The Eurogroup now plans to reconvene on Monday.

Most Asian stocks had risen modestly earlier in the day on optimism that the euro-zone leaders would reach an agreement, while Japanese shares had resumed a rally on further yen weakness after Tuesday’s lower finish.

But the euro’s tumble against the dollar — and the yen — helped erase some of those gains for the nation’s exporters.

Toyota Motor Corp.   slipped from its intraday high but remained up 1.6%, though Sony Corp. trimmed its advance to just 0.3%, and Tokyo Electron Ltd.   pared its gain to 0.6%.

Japanese trade data released 10 minutes ahead of the stock-market open helped exacerbate the yen’s fall.
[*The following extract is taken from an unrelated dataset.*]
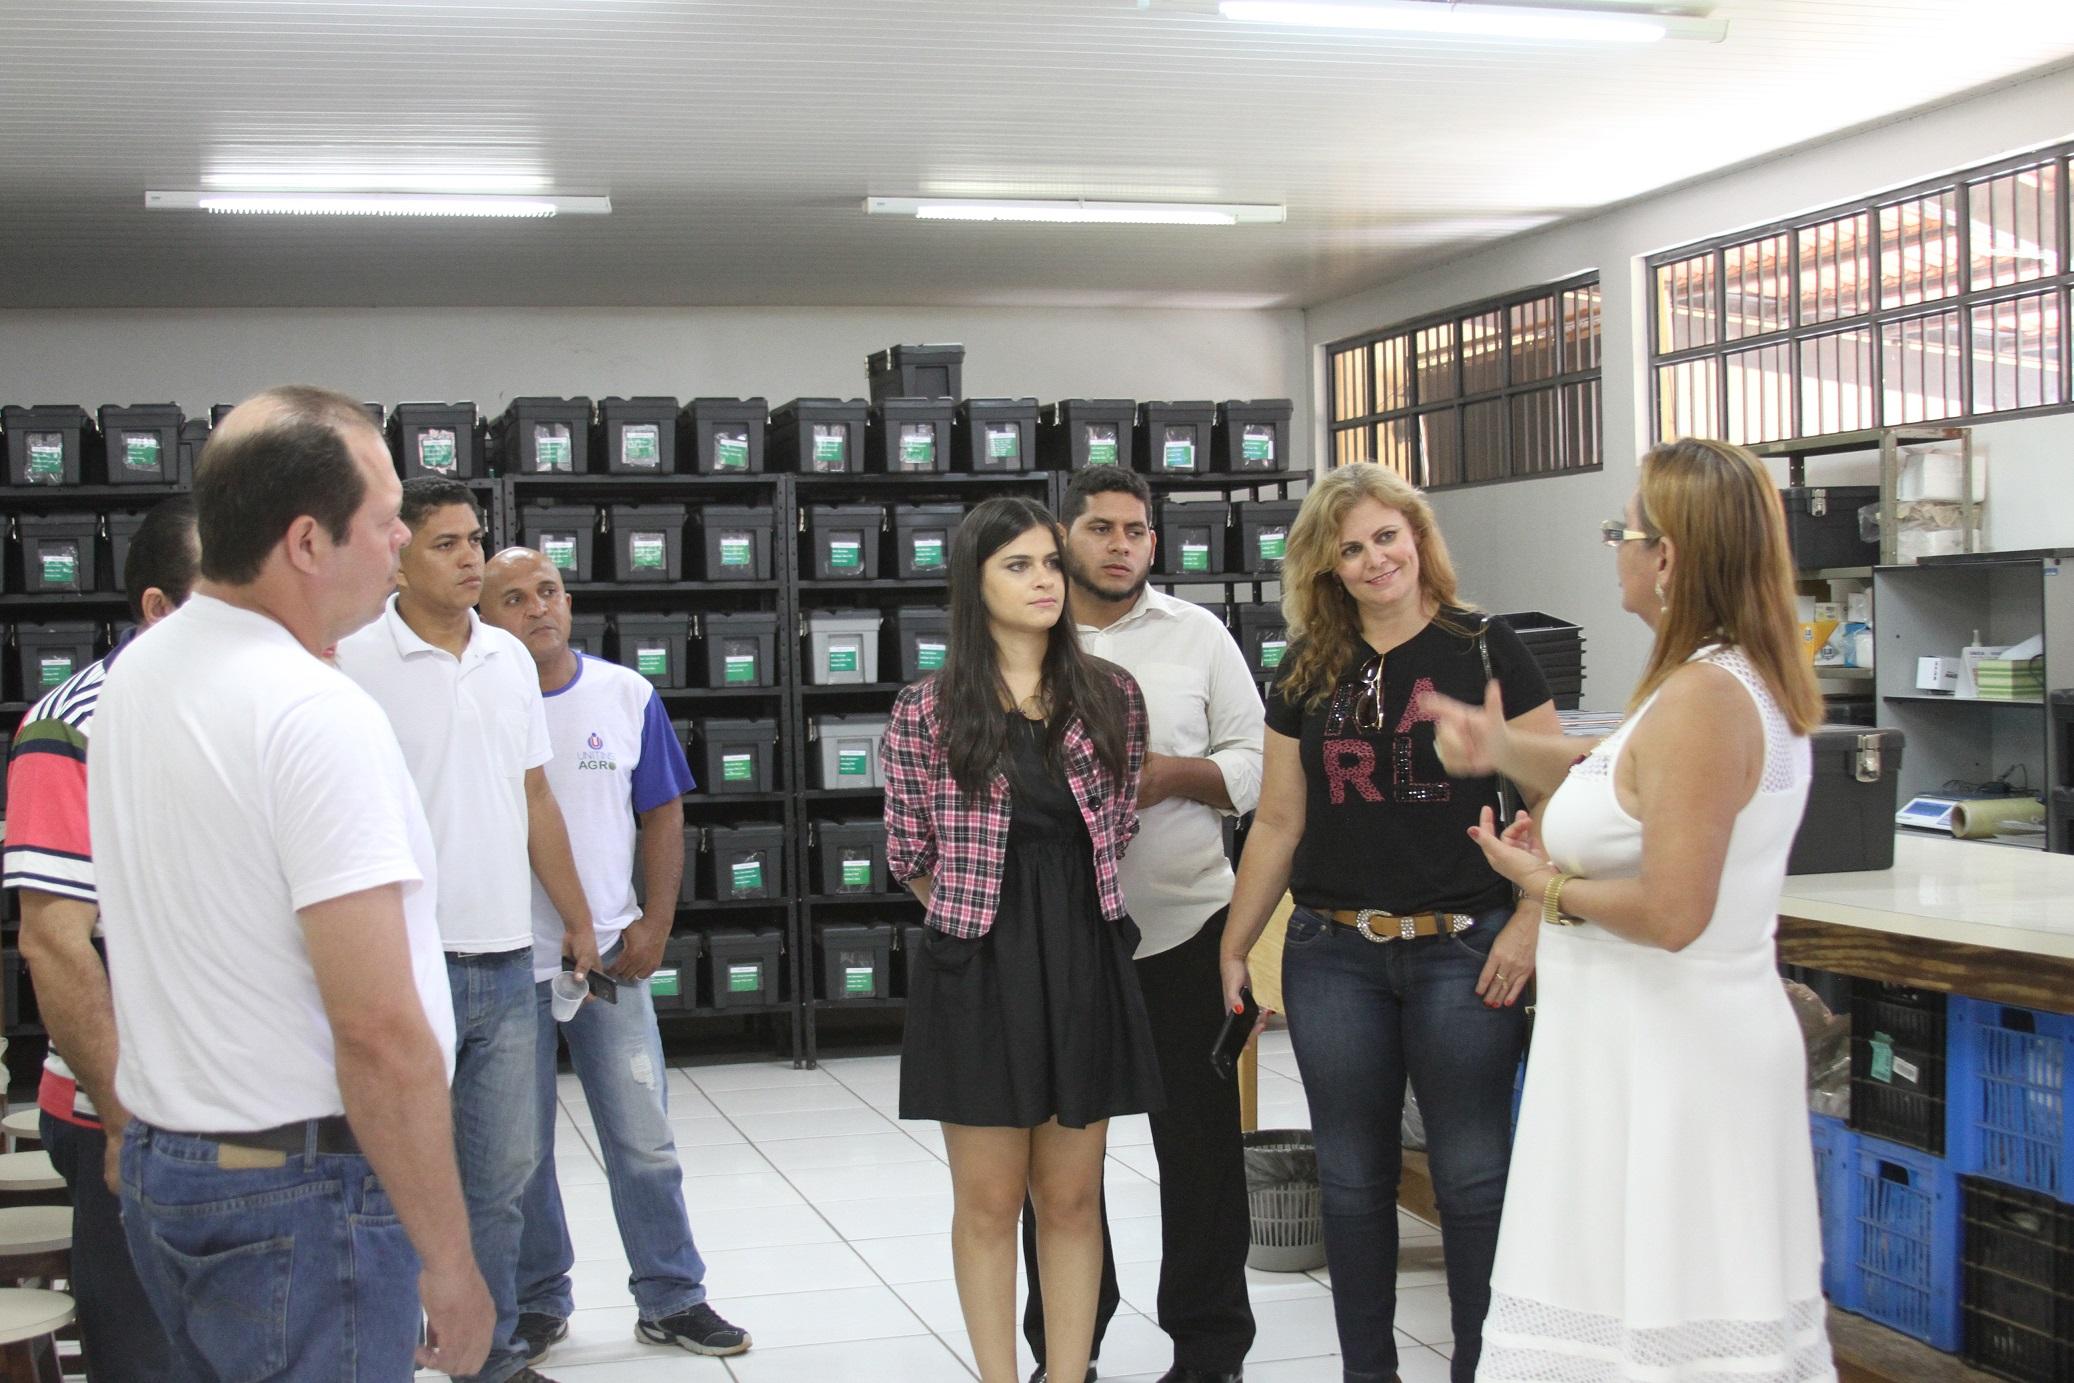 Professora Antônia Custódia Pedreira apresenta mostra acervo do Nuta aos visitantes

The Finance Ministry reported a 6.5% year-on-year drop in Japanese exports, fueled by another tumble in shipments to China, amid tensions between the two nations.
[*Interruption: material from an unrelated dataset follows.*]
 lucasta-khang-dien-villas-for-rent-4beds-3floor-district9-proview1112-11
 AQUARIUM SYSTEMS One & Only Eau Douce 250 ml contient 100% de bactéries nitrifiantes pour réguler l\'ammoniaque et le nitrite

In Seoul, KB Financial Group Inc.   fell 2.4%, and Hyundai Heavy Industries Co.  dropped 1.7%. In Taipei, Hon Hai Precision Industry Co.   lost 1.5%, and Taiwan Semiconductor Manufacturing Co.   fell 1.1%.

And in Sydney, Commonwealth Bank of Australia    slipped 0.2%, and National Australia Bank Ltd.   dropped 0.3%, as buyers backed away.

Losses in Sydney also came amid weakness in the resource sector, with energy shares losing ground after an almost 3% drop in benchmark U.S. crude-oil futures overnight.

Woodside Petroleum Ltd.   lost 1.2% and Santos Ltd.   retreated 2.9%.

Property and resource stocks dropped on mainland Chinese bourses, with Poly Real Estate Group Co.  sliding 0.8% and Jiangxi Copper Co.   shedding 0.9%.

Hong Kong stocks ended the morning trading session higher, meanwhile.

Shares of China Overseas Land & Investment Ltd.  climbed 1.2%, and foods company Want Want China Holdings Ltd.  rose 1.3%.

Shares of HSBC Holdings PLC   climbed 0.3%, although also off the day’s highs, after The Wall Street Journal reported that the lender was in talks with China’s sovereign-wealth fun to sell its stake in Ping An Insurance Group Co.

Ping An  , which had dropped in the last two trading sessions amid concerns about the possible sale, advanced 0.3%.